ViT-B/16 (Timm) ViT_B/32 (Timm) Group L2 (Uniform) Group Taylor (Uniform) Group Taylor (Bottleneck) Group Hessian (Uniform)
#Params 86.57 M 88.22 M 22.05 M 22.05 M 24.83 M 22.05 M
MACs 17.59 G 4.41 G 4.61 G 4.61 G 4.62 G 4.61 G
Acc @ Epoch 300 85.21 80.68 78.11 80.19 80.06 80.15
Latency (Bs=1, A5000) 5.21 ms
+- 0.05 ms
3.87 ms
+- 0.05 ms
3.99 ms
+- 0.10 ms
3.99 ms
+- 0.10 ms
3.87 ms
+- 0.14 ms
3.99 ms
+- 0.10 ms
Checkpoints - - ckpt ckpt ckpt ckpt

Notes:

  • Uniform - We apply the same pruning ratio to all layers.
  • Bottleneck - We only prune the internal dimensions of Attention & FFN, leading to bottleneck structures.
  • Please adjust the learning rate accordingly if the batch size and number of GPUs are changed.
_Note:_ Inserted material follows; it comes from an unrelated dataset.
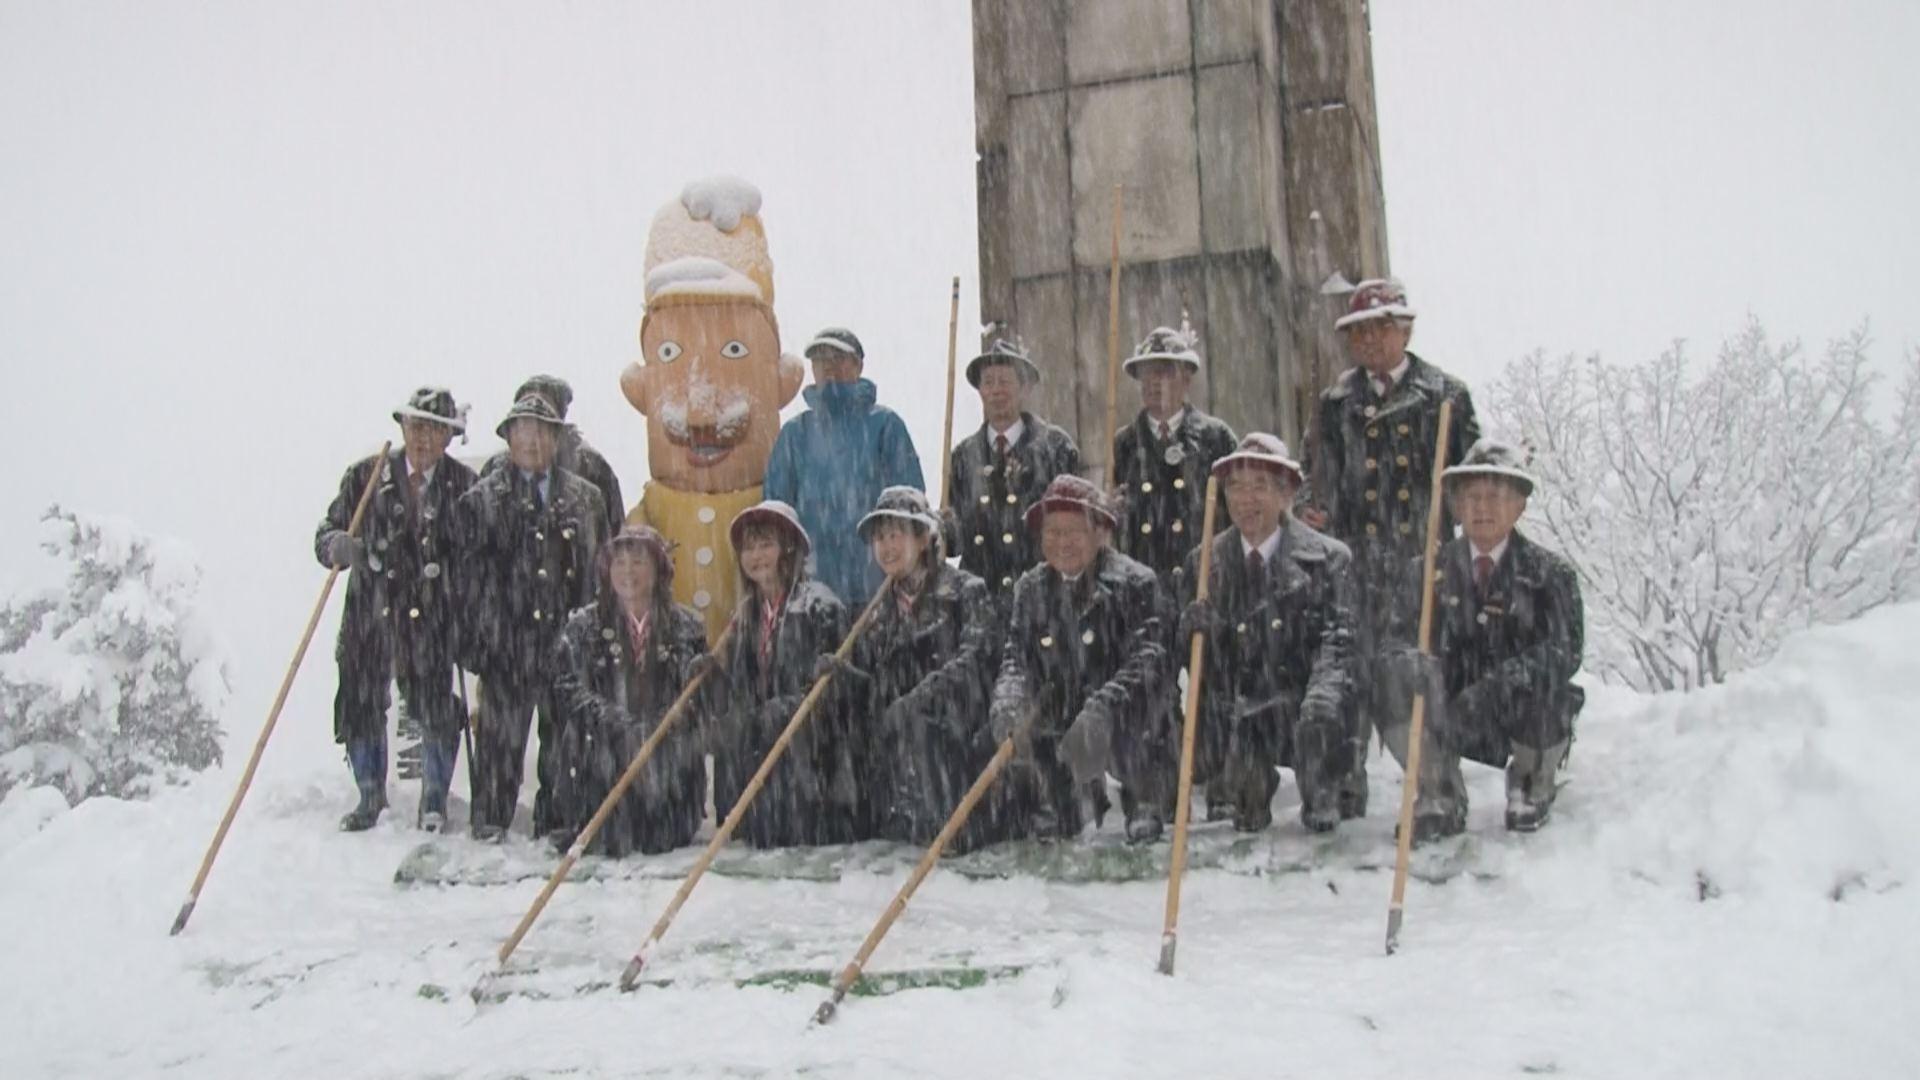 180112_スキーの日 レルヒ少佐顕彰会

Refer to this paper for more details about linear LR scaling with large mini-batch.

Which pruner should be used for ViT pruning?

In short, tp.importance.GroupTaylorImportance + tp.pruner.MetaPruner is a good choice for ViT pruning.

  • Prune a Vision Transformer (ImageNet-1K) from HF Transformers without fine-tuning.
  • Prune a Vision Transformer (ImageNet-21K-ft-1K) from timm without finetuning

Latency

  • Download our finetuned models
mkdir pretrained
cd pretrained
wget https://github.com/VainF/Torch-Pruning/releases/download/v1.2.5/vit_b_16_pruning_taylor_uniform.pth
wget https://github.com/VainF/Torch-Pruning/releases/download/v1.2.5/vit_b_16_pruning_taylor_bottleneck.pth
wget https://github.com/VainF/Torch-Pruning/releases/download/v1.2.5/vit_b_16_pruning_l2_uniform.pth
wget https://github.com/VainF/Torch-Pruning/releases/download/v1.2.5/vit_b_16_pruning_hessian_uniform.pth
  • Measure the latency of the pruned models
python measure_latency.py --model pretrained/vit_b_16_pruning_taylor_uniform.pth

Pruning attention heads

python prune_timm_vit.py --prune_num_heads --head_pruning_ratio 0.5 
...
Head #0
[Before Pruning] Num Heads: 12, Head Dim: 64 =>
[After Pruning] Num Heads: 6, Head Dim: 64

Head #1
[Before Pruning] Num Heads: 12, Head Dim: 64 =>
[After Pruning] Num Heads: 6, Head Dim: 64

Head #2
[Before Pruning] Num Heads: 12, Head Dim: 64 =>
[After Pruning] Num Heads: 6, Head Dim: 64

Head #3
[Before Pruning] Num Heads: 12, Head Dim: 64 =>
[After Pruning] Num Heads: 6, Head Dim: 64

Head #4
[Before Pruning] Num Heads: 12, Head Dim: 64 =>
[After Pruning] Num Heads: 6, Head Dim: 64

Head #5
[Before Pruning] Num Heads: 12, Head Dim: 64 =>
[After Pruning] Num Heads: 6, Head Dim: 64

Head #6
[Before Pruning] Num Heads: 12, Head Dim: 64 =>
[After Pruning] Num Heads: 6, Head Dim: 64

Head #7
[Before Pruning] Num Heads: 12, Head Dim: 64 =>
[After Pruning] Num Heads: 6, Head Dim: 64

Head #8
[Before Pruning] Num Heads: 12, Head Dim: 64 =>
[After Pruning] Num Heads: 6, Head Dim: 64

Head #9
[Before Pruning] Num Heads: 12, Head Dim: 64 =>
[After Pruning] Num Heads: 6, Head Dim: 64

Head #10
[Before Pruning] Num Heads: 12, Head Dim: 64 =>
[After Pruning] Num Heads: 6, Head Dim: 64

Head #11
[Before Pruning] Num Heads: 12, Head Dim: 64 =>
[After Pruning] Num Heads: 6, Head Dim: 64
...

Pruning ViT-ImageNet-1K from HF Transformers

Pruning

bash scripts/prune_hf_vit_b_16_taylor_uniform.sh  
...
----------------------------------------
Summary:
Base MACs: 16.85 G, Pruned MACs: 4.24 G
Base Params: 86.57 M, Pruned Params: 22.05 M
Base Loss: 0.9717, Pruned Loss: 7.0871
Base Accuracy: 0.7566, Pruned Accuracy: 0.0015
Saving the pruned model to output/pruned/hf_vit_base_patch16_224_pruned_taylor_uniform.pth...

Finetuning

bash scripts/finetune_hf_vit_b_16_taylor_uniform.sh

Pruning results for ImageNet-1K (HF Transformers):

ViT-B/16
(HF)
ViT-B/16
(Torchvision)
ViT_B/32
(Torchvision)
Group L1
(Uniform)
Group Taylor
(Uniform)
Group Taylor
(Bottleneck)
#Params 86.56 M 86.57 M 88.22 M 22.05 M 22.05 M 22.8 M
MACs 17.59 G 17.59 G 4.41 G 4.61 G 4.61 G 4.23 G
Acc @ Ep 300 75.66 81.068 75.91 79.20 79.61 79.11

Pruning Swin Transformers from HF Transformers

python prune_hf_swin.py
...
Base MACs: 4.350805 G, Pruned MACs: 1.438424 G
Base Params: 28.288354 M, Pruned Params: 9.462802 M

Pruning Bert from HF Transformers

python prune_hf_bert.py
...
Base MACs: 680.150784 M, Pruned MACs: 170.206464 M
Base Params: 109.482240 M, Pruned Params: 33.507840 M

Ackowledgement

The training code was adpated from Torchvision Reference.